During the second world war Hagakure was carried by the Kamikaze pilots. Very few of these copies now exist as after the war the occupational forces ordered them to be destroyed. There are perhaps three reasons why they related to this book. Firstly and naturally is their identifying with the passage Shinu beki mitsuketari. The second is that a great number of these pilots were from Saga, the home of the Hagakure. The pilots were trained at an airfield at nearby Metabaru (still a self defence force base) A ceremony was held, and they flew to Kagoshima to refuel before going out over the Pacific. Thirdly is the fact that the very word Kamikaze is a local name , as it was the name first given to a typhoon which stopped the Mongol invasion against Kyushu.

The grave of Yamamoto at Ryu-Unji in Yaemachi

THE KAMIKAZE VOLUNTEERS: Were named after typhoon winds. Records tell us of extraordinary winds in 1274 and 1281 that had rescued Japan from being invade by the Mongols (13th Century) The first storms in 1274 killed over 20,000 troops The second in 1281 was near the small island of Takashima. Striking on July 30th it lasted three days and devastated the fleet that had been chained together to form a flotilla.

The Nohon Shoki (720 AD) contains a poem written by the Emperor Jimmu.

Kamikaze no, Ise no umi no, O-Ishi ya. On the great rocks of the divine wind of the Ise sea.

Dying was constantly before: In Hagakure they were eloquently told how to confront this daunting prospect. One should expect death daily so that, when the time comes, one can die in peace, calamity, when it occurs is not so dreadful as was feared.
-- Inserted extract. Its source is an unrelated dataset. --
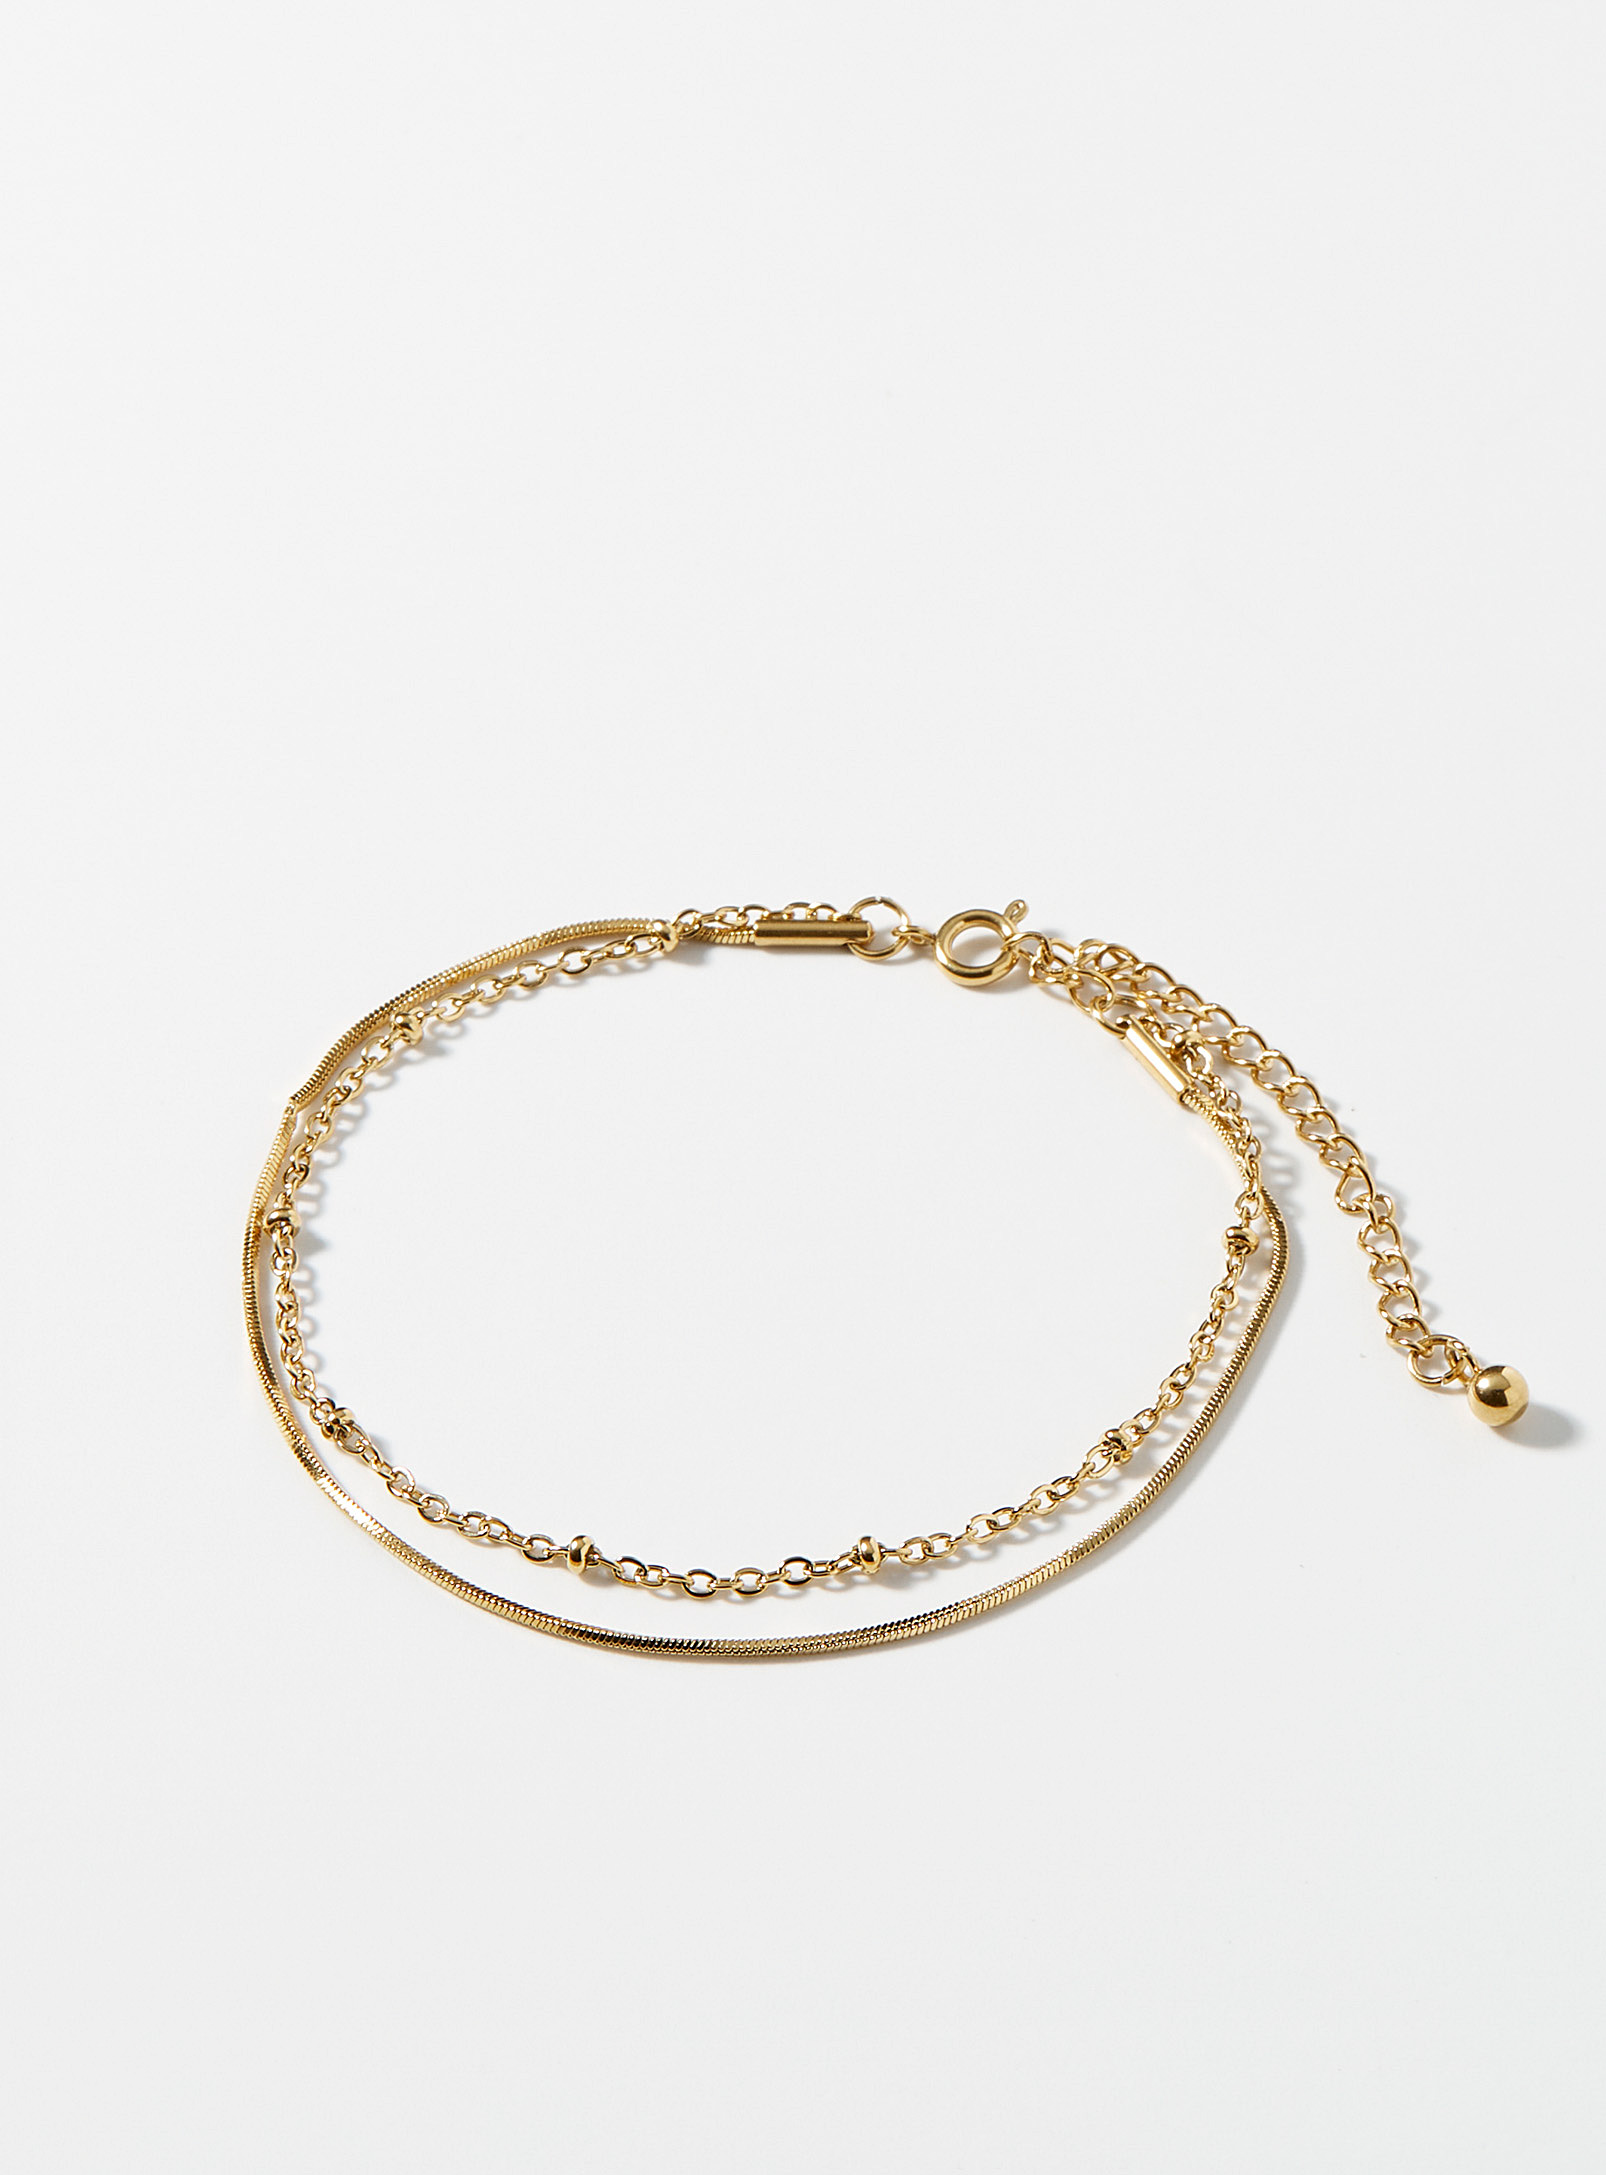 Simons - Women's Golden double-chain bracelet

It is foolish to torment oneself beforehand with vain imaginings...

Photograph - Niel Kemp- 2005

Tranquillize the mind every morning and imagine the moment when you may be torn and mangled by arrows, guns, lances and swords, swept down with thunderbolts, shaken by earthquakes, dying of disease or killed by an unexpected accident: Die every morning in your mind, and then you will not fear death.

A Kamikaze pilot of the Seven Lives Unit composed a Haiku before he went into combat in February 1945 at the age of 22. If only we might fall like Cherry blossoms in the spring so pure and radiant.